[[ Dataset excerpt, beginning ]]
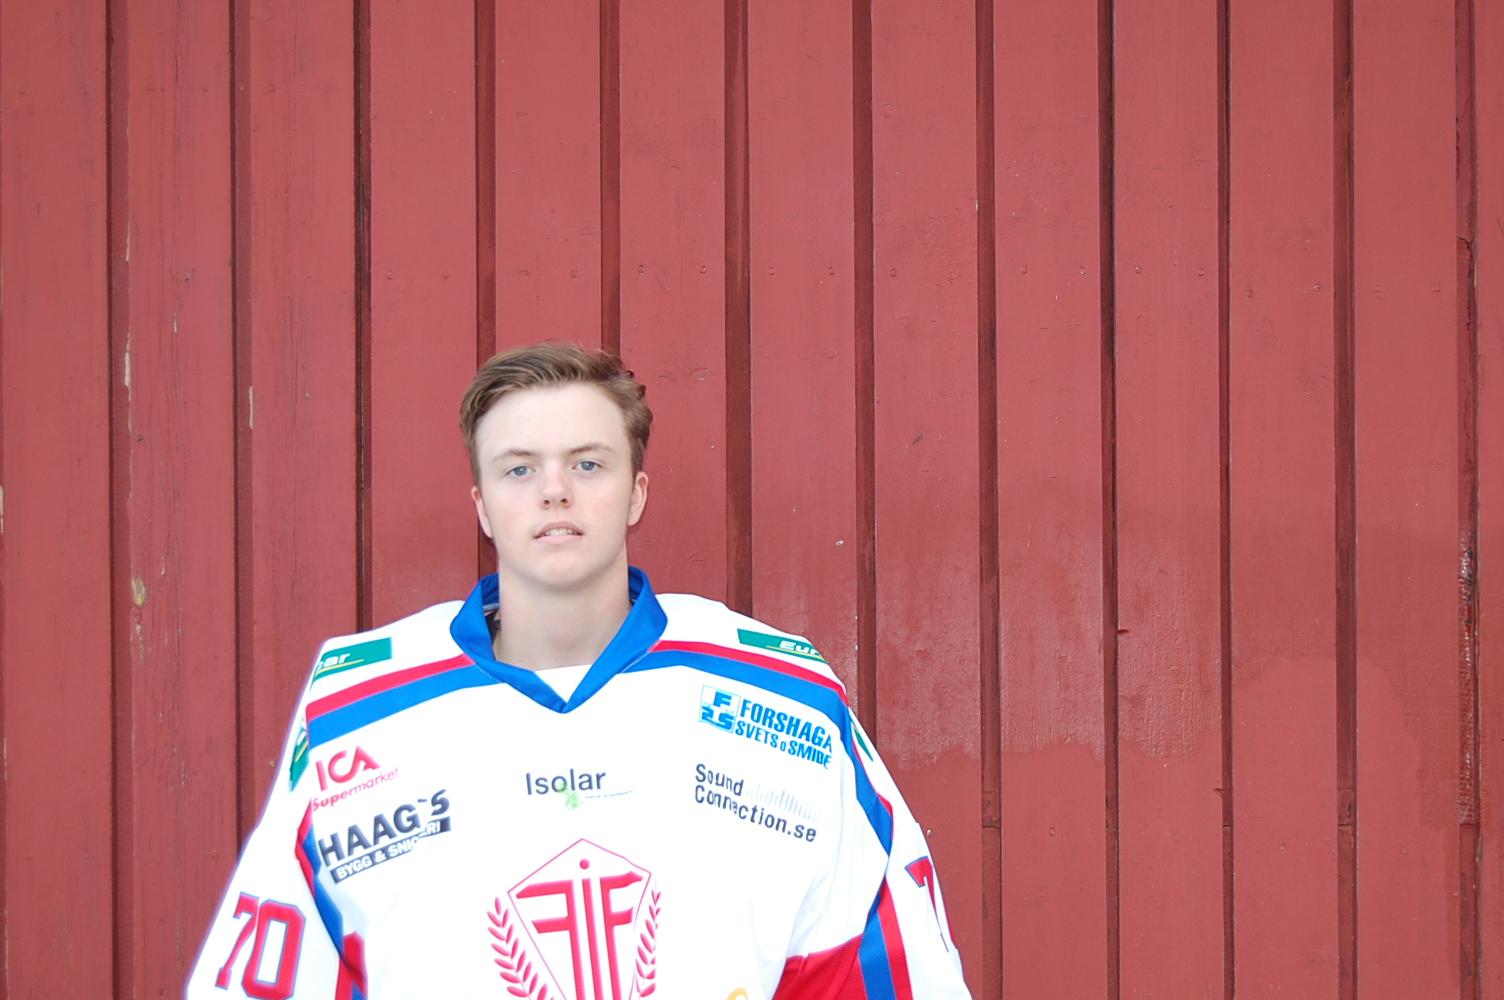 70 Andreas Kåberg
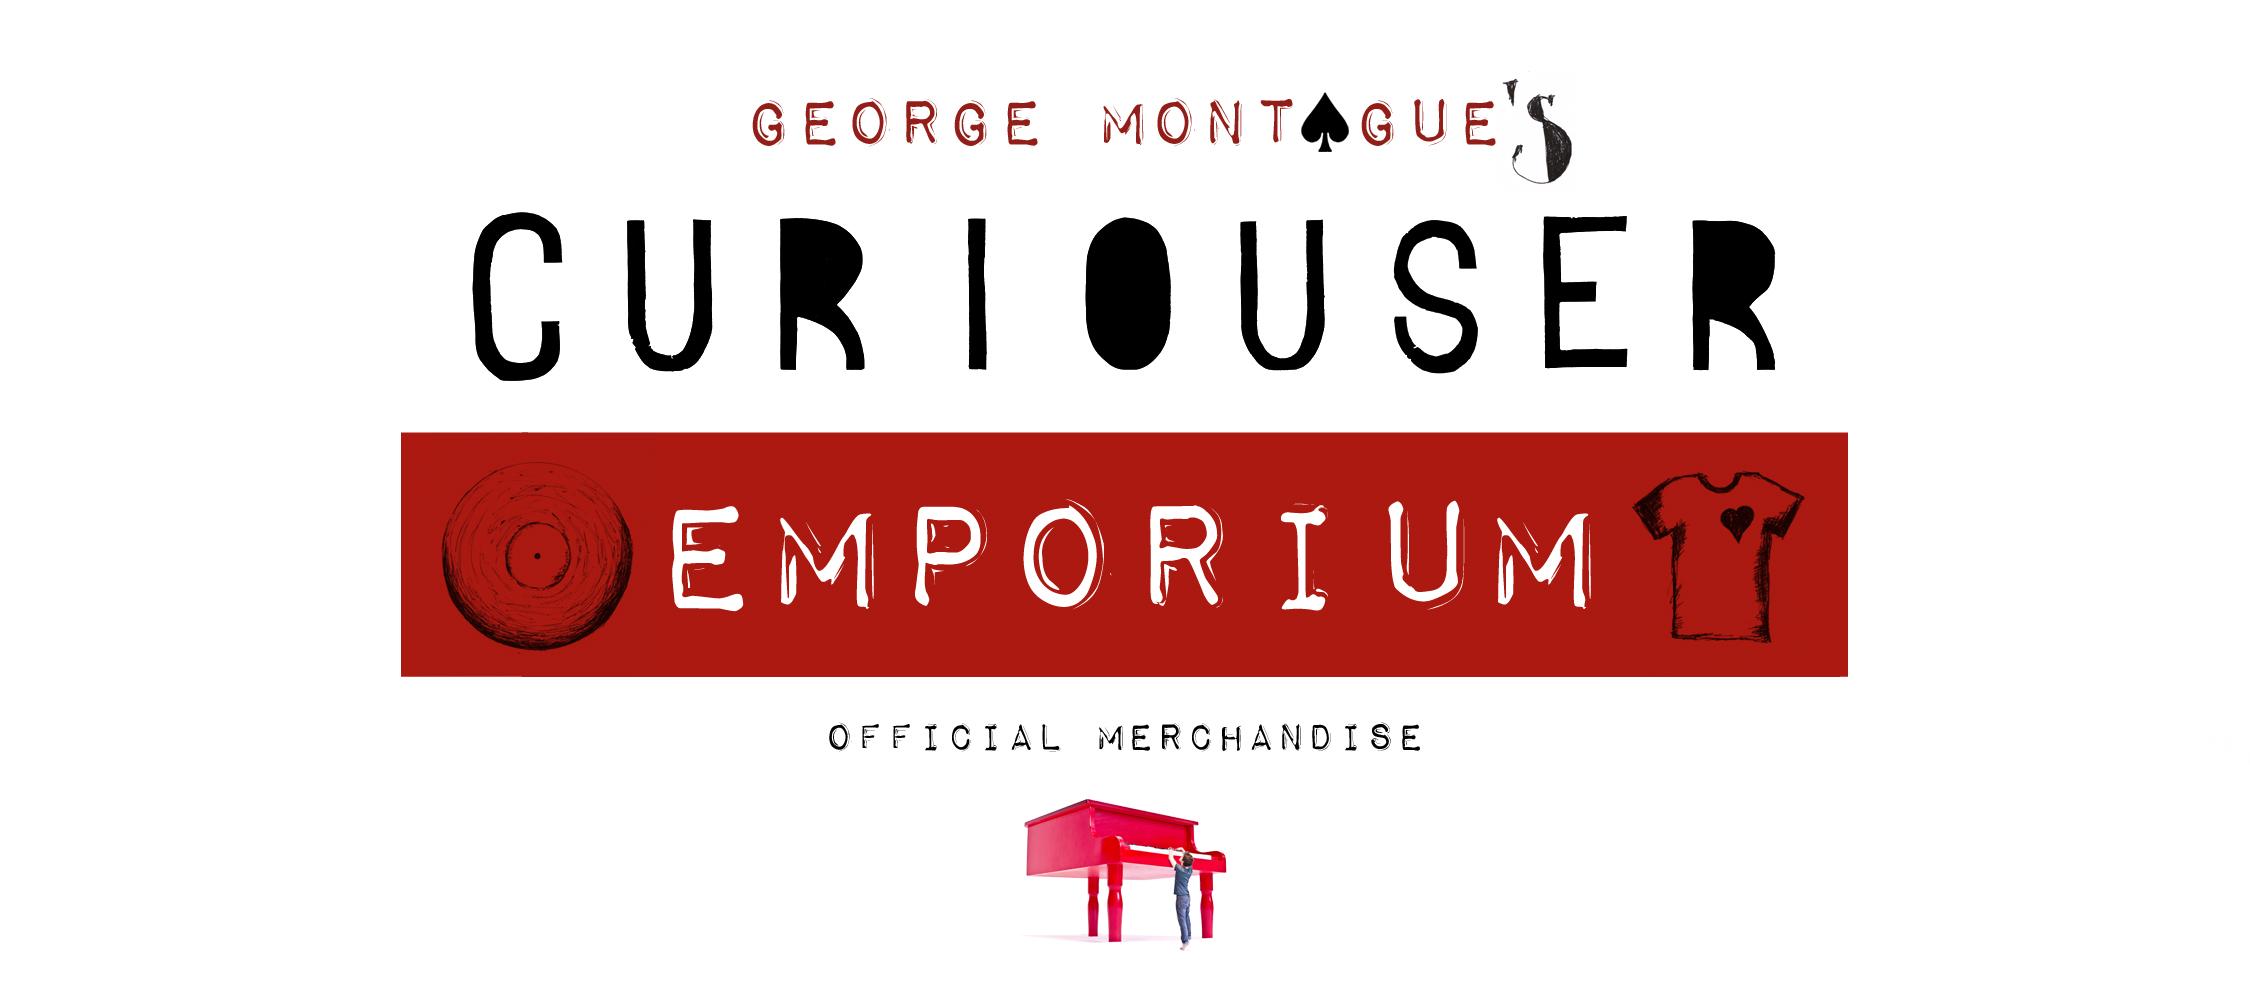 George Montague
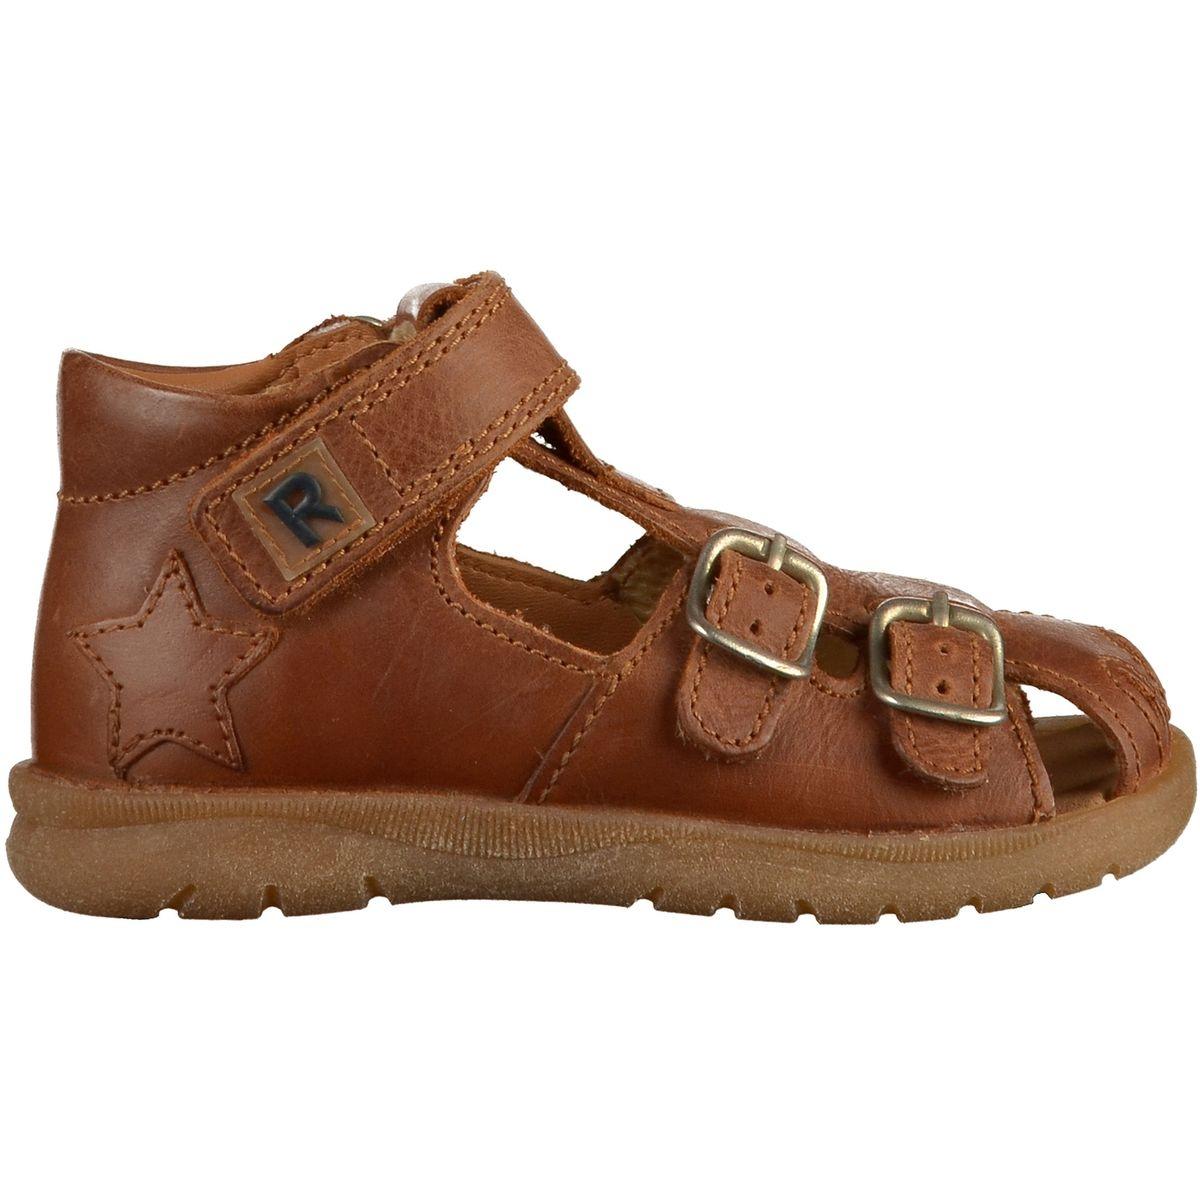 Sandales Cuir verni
[[ Dataset excerpt, end ]]
Return the whole listing exactly, minus its pictures.

● Exercise output:
 70 Andreas Kåberg
 George Montague
 Sandales Cuir verni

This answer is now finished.